Increase in persecution across Africa in 2012

Published 10 January 2013
AP
At least seven people were killed in a suicide bombing at St Rita's Catholic church in Kaduna, Nigeria, last October

The latest World Watch List from Open Doors reveals a dramatic increase in the persecution of Christians in Africa during 2012.

For the first time, Mali has appeared in the top ten countries where Christians are experiencing discrimination because of their faith.

The trend is further reflected by the addition of Tanzania, Kenya, Uganda and Niger to the World Watch List.

Open Doors says that extremists have gained influence across the African continent in the last year.

Parts of Nigeria have been the target of focused attacks by Islamic militant group Boko Haram, while in Mali, ranked seven in the list, violence has escalated since a coup last March.

Open Doors UK chief executive Eddie Lyle said: "Mali used to be a model country. The situation in the north was tense, but Christians and even missionaries could be active. Following the coup Christians have effectively been become 'persona non grata' and can no longer exist in northern states of the country."

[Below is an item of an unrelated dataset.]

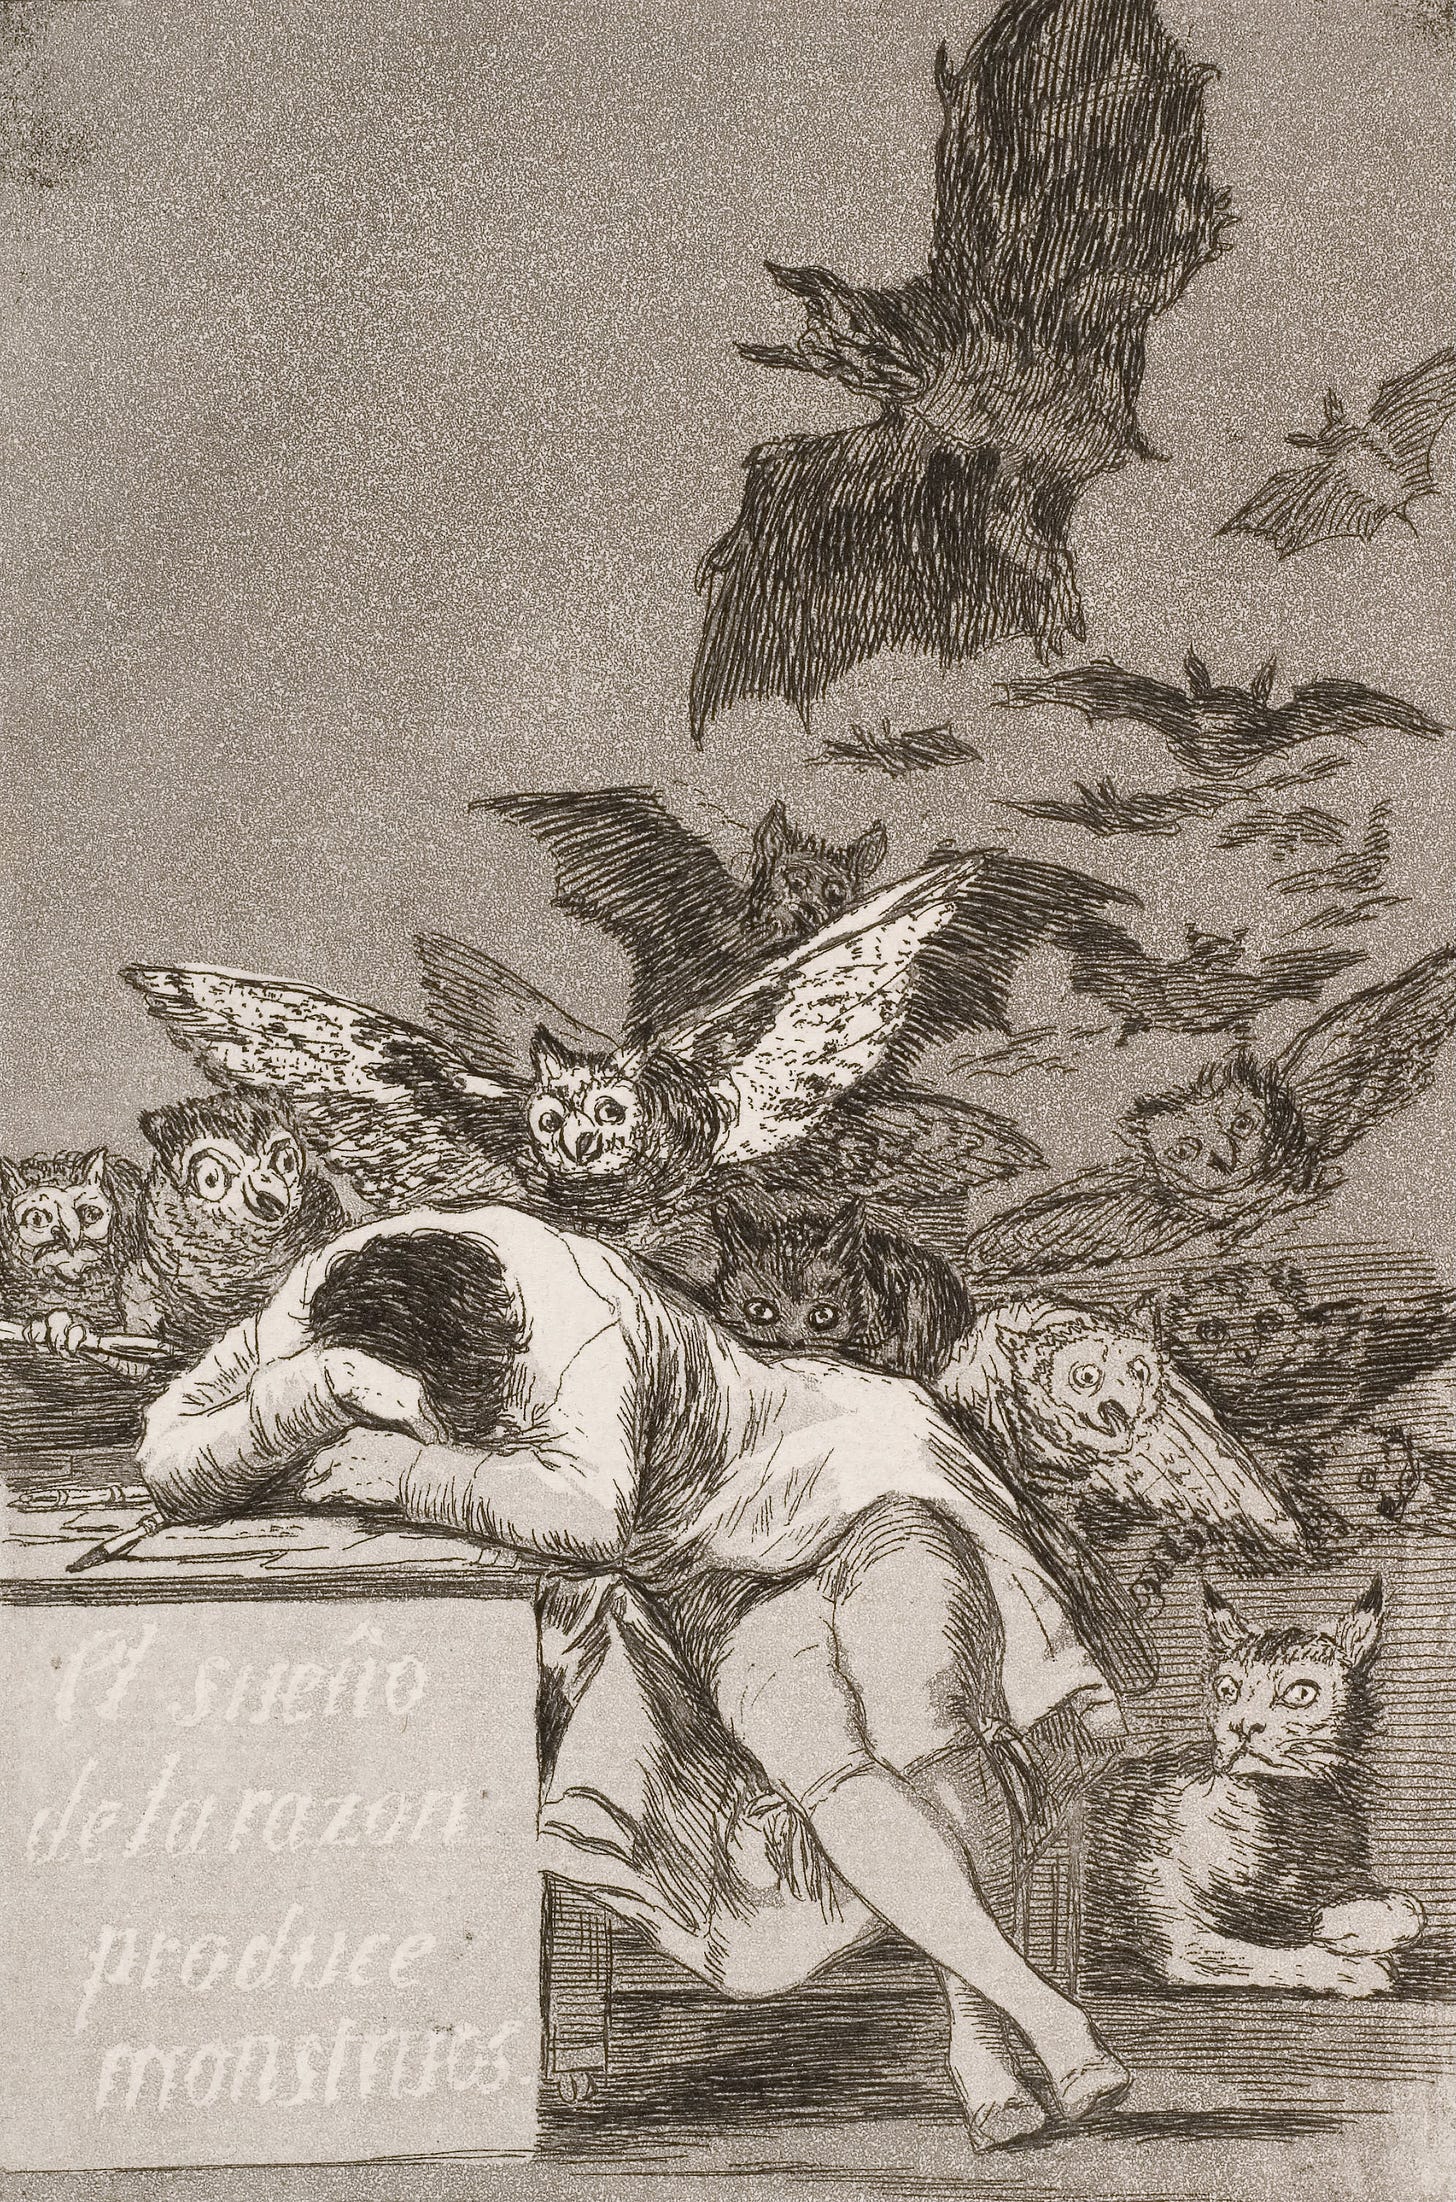 https://upload.wikimedia.org/wikipedia/commons/b/bc/Francisco_Jos%C3%A9_de_Goya_y_Lucientes_-_The_sleep_of_reason_produces_monsters_%28No._43%29%2C_from_Los_Caprichos_-_Google_Art_Project.jpg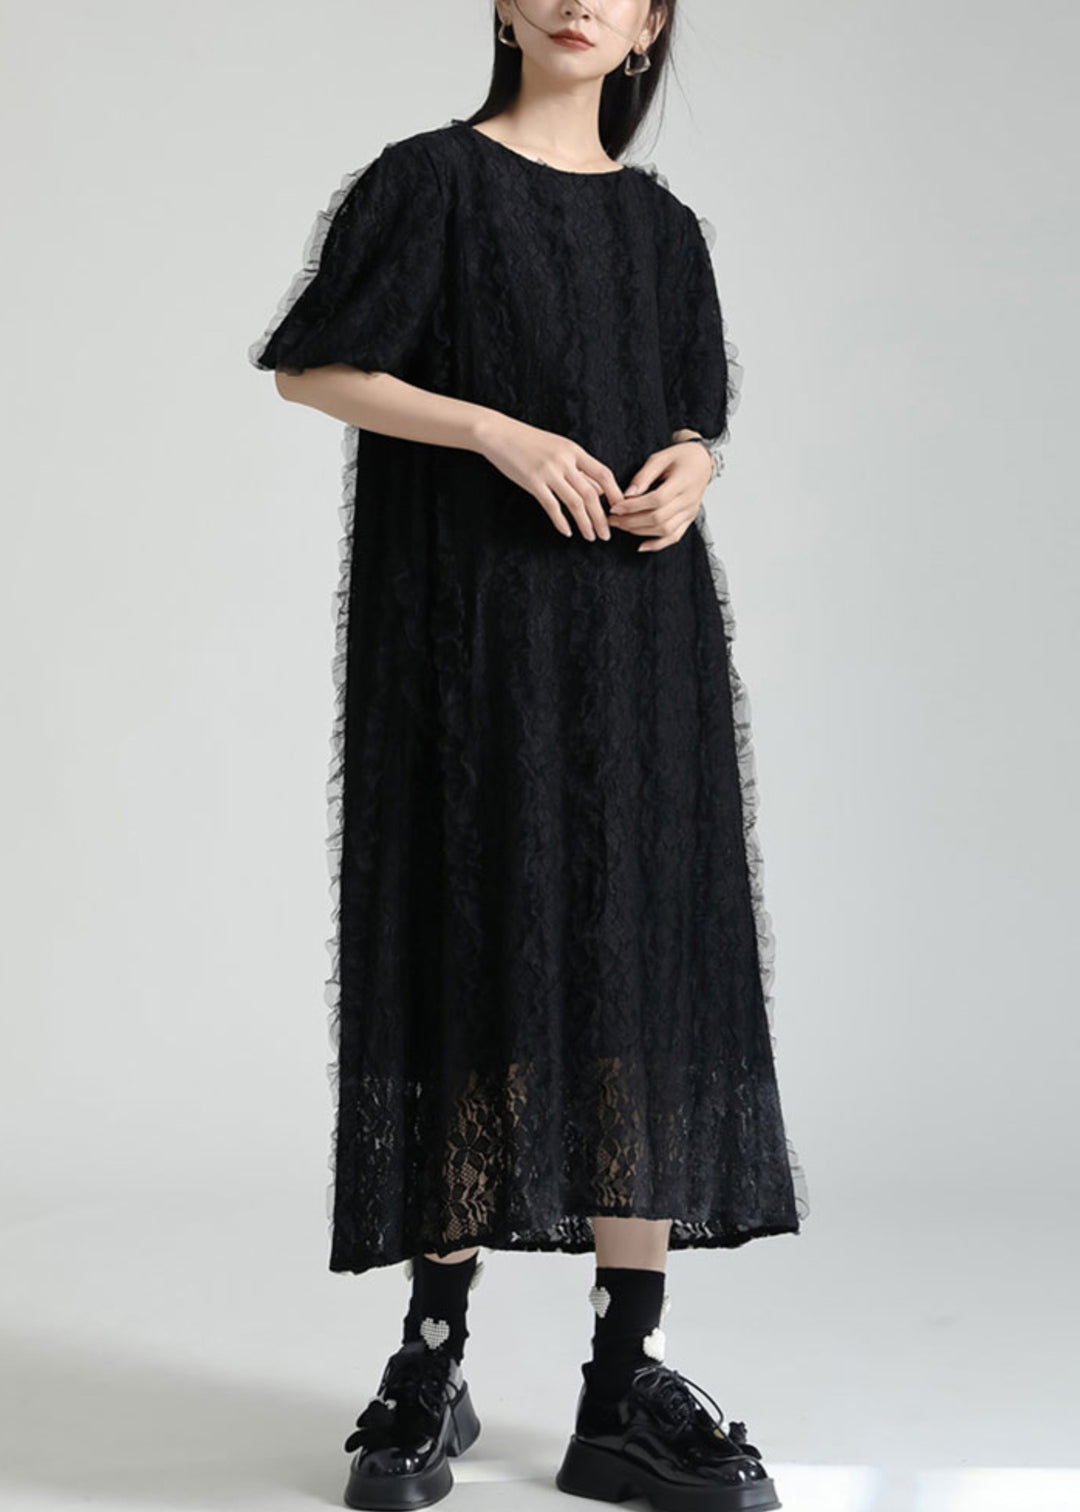 French Black O Neck Patchwork Lace Dresses Summer

Niger was added to the list this year following the violent response to the anti-Islamic film, Innocence of Muslims.

For the eleventh year in a row, North Korea occupies the top spot. In the reclusive communist country, Christians can be executed or sent to a prison camp for owning a Bible.

Eight of the top ten worst persecutors are countries where Islamic extremism is a threat to Christians.

Syria is ranked 11 on the World Watch List this year after an escalation in persecution triggered by the ongoing conflict. Under the Assad regime, Christians were not allowed to evangelise but were allowed to worship freely.

Now, however, Open Doors warns that they are "under attack from all sides", including jihadists entering Syria "with an anti-Christian agenda".

It warns that life for Christians in Syria has become "virtually impossible", with tens of thousands of Christians fleeing the country in recent months.

In China, there are signs of greater accommodation of the Christian faith within government circles. Open Doors reports that house searches, arrests and the confiscation of Bibles and Christian books "rarely occurs".

However, it is concerned that more than a hundred Chinese Christians are still in prison because of their faith.

Ron Boyd-MacMillan, Open Doors Chief Strategy Officer, said: "Islamism has risen in every country that experienced the Arab Spring. This has resulted in massively increased pressure on large parts of the church in the Middle East and North Africa.

"Foreign jihadists now terrorise Christians in war-torn Syria, al‐Qaeda militants occupy northern Mali to make life impossible for local Christians, and even in countries like Libya that made a transition to a form of democracy, radical Islamist factions spread terror with impunity among the Christian minority.

"The trends are not uniformly gloomy however. In the Far East, with the exception of North Korea, the Communist states in Laos, Vietnam and China all marginally improved their treatment of Christians."